▶ _TASK REQUIREMENTS_: Word for word, reproduce each of the entries.

Records from a data collection:
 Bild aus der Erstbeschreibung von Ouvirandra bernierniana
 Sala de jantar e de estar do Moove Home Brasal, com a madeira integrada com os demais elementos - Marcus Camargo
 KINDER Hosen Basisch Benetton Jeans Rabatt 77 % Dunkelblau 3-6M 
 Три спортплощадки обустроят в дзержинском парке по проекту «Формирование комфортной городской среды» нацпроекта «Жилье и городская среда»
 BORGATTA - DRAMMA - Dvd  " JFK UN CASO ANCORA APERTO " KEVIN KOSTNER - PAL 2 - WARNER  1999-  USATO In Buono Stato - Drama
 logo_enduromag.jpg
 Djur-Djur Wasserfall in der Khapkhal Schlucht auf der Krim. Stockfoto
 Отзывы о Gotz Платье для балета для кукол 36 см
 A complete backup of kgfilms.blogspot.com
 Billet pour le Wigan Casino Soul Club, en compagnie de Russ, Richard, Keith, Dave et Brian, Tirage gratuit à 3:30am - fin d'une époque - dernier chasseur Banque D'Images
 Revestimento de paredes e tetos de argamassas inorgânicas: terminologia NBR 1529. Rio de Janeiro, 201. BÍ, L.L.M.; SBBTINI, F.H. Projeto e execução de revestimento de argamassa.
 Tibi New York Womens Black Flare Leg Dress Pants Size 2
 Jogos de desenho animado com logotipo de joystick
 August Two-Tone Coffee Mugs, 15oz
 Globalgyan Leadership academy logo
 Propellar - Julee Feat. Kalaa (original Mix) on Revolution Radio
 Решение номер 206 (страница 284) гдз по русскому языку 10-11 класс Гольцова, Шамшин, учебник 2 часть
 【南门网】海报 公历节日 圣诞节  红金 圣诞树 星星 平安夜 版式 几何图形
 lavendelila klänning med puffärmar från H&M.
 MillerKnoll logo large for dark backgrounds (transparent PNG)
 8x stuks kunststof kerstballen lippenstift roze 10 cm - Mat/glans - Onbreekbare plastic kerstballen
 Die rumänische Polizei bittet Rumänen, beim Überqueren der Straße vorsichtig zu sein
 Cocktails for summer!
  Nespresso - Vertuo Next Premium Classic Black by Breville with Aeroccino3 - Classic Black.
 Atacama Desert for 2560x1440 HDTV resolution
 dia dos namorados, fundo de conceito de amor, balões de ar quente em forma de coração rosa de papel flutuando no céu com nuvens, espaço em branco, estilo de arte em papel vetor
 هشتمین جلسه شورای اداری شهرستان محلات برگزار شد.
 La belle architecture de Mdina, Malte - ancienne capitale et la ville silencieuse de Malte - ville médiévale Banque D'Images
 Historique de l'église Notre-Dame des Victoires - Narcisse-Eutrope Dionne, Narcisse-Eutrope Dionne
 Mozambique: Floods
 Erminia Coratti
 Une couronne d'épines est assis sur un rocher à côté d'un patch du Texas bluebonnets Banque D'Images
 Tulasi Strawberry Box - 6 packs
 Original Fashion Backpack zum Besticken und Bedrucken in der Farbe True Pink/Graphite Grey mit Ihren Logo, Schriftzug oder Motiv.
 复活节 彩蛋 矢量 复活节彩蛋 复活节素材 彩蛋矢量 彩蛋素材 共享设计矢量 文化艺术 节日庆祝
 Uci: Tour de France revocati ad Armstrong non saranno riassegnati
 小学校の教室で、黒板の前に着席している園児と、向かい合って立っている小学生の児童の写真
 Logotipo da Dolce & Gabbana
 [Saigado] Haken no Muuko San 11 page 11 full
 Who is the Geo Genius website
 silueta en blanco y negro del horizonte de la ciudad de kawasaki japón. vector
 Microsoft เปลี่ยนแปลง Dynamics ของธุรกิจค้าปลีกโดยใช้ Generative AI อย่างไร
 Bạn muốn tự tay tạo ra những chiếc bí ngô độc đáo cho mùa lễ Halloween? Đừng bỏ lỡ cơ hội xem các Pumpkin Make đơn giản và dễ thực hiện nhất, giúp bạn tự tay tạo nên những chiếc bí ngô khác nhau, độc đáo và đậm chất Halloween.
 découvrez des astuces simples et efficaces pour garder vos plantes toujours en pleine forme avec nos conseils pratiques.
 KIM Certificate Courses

▶ _REPLY_:
 Bild aus der Erstbeschreibung von Ouvirandra bernierniana
 Sala de jantar e de estar do Moove Home Brasal, com a madeira integrada com os demais elementos - Marcus Camargo
 KINDER Hosen Basisch Benetton Jeans Rabatt 77 % Dunkelblau 3-6M 
 Три спортплощадки обустроят в дзержинском парке по проекту «Формирование комфортной городской среды» нацпроекта «Жилье и городская среда»
 BORGATTA - DRAMMA - Dvd  " JFK UN CASO ANCORA APERTO " KEVIN KOSTNER - PAL 2 - WARNER  1999-  USATO In Buono Stato - Drama
 logo_enduromag.jpg
 Djur-Djur Wasserfall in der Khapkhal Schlucht auf der Krim. Stockfoto
 Отзывы о Gotz Платье для балета для кукол 36 см
 A complete backup of kgfilms.blogspot.com
 Billet pour le Wigan Casino Soul Club, en compagnie de Russ, Richard, Keith, Dave et Brian, Tirage gratuit à 3:30am - fin d'une époque - dernier chasseur Banque D'Images
 Revestimento de paredes e tetos de argamassas inorgânicas: terminologia NBR 1529. Rio de Janeiro, 201. BÍ, L.L.M.; SBBTINI, F.H. Projeto e execução de revestimento de argamassa.
 Tibi New York Womens Black Flare Leg Dress Pants Size 2
 Jogos de desenho animado com logotipo de joystick
 August Two-Tone Coffee Mugs, 15oz
 Globalgyan Leadership academy logo
 Propellar - Julee Feat. Kalaa (original Mix) on Revolution Radio
 Решение номер 206 (страница 284) гдз по русскому языку 10-11 класс Гольцова, Шамшин, учебник 2 часть
 【南门网】海报 公历节日 圣诞节  红金 圣诞树 星星 平安夜 版式 几何图形
 lavendelila klänning med puffärmar från H&M.
 MillerKnoll logo large for dark backgrounds (transparent PNG)
 8x stuks kunststof kerstballen lippenstift roze 10 cm - Mat/glans - Onbreekbare plastic kerstballen
 Die rumänische Polizei bittet Rumänen, beim Überqueren der Straße vorsichtig zu sein
 Cocktails for summer!
  Nespresso - Vertuo Next Premium Classic Black by Breville with Aeroccino3 - Classic Black.
 Atacama Desert for 2560x1440 HDTV resolution
 dia dos namorados, fundo de conceito de amor, balões de ar quente em forma de coração rosa de papel flutuando no céu com nuvens, espaço em branco, estilo de arte em papel vetor
 هشتمین جلسه شورای اداری شهرستان محلات برگزار شد.
 La belle architecture de Mdina, Malte - ancienne capitale et la ville silencieuse de Malte - ville médiévale Banque D'Images
 Historique de l'église Notre-Dame des Victoires - Narcisse-Eutrope Dionne, Narcisse-Eutrope Dionne
 Mozambique: Floods
 Erminia Coratti
 Une couronne d'épines est assis sur un rocher à côté d'un patch du Texas bluebonnets Banque D'Images
 Tulasi Strawberry Box - 6 packs
 Original Fashion Backpack zum Besticken und Bedrucken in der Farbe True Pink/Graphite Grey mit Ihren Logo, Schriftzug oder Motiv.
 复活节 彩蛋 矢量 复活节彩蛋 复活节素材 彩蛋矢量 彩蛋素材 共享设计矢量 文化艺术 节日庆祝
 Uci: Tour de France revocati ad Armstrong non saranno riassegnati
 小学校の教室で、黒板の前に着席している園児と、向かい合って立っている小学生の児童の写真
 Logotipo da Dolce & Gabbana
 [Saigado] Haken no Muuko San 11 page 11 full
 Who is the Geo Genius website
 silueta en blanco y negro del horizonte de la ciudad de kawasaki japón. vector
 Microsoft เปลี่ยนแปลง Dynamics ของธุรกิจค้าปลีกโดยใช้ Generative AI อย่างไร
 Bạn muốn tự tay tạo ra những chiếc bí ngô độc đáo cho mùa lễ Halloween? Đừng bỏ lỡ cơ hội xem các Pumpkin Make đơn giản và dễ thực hiện nhất, giúp bạn tự tay tạo nên những chiếc bí ngô khác nhau, độc đáo và đậm chất Halloween.
 découvrez des astuces simples et efficaces pour garder vos plantes toujours en pleine forme avec nos conseils pratiques.
 KIM Certificate Courses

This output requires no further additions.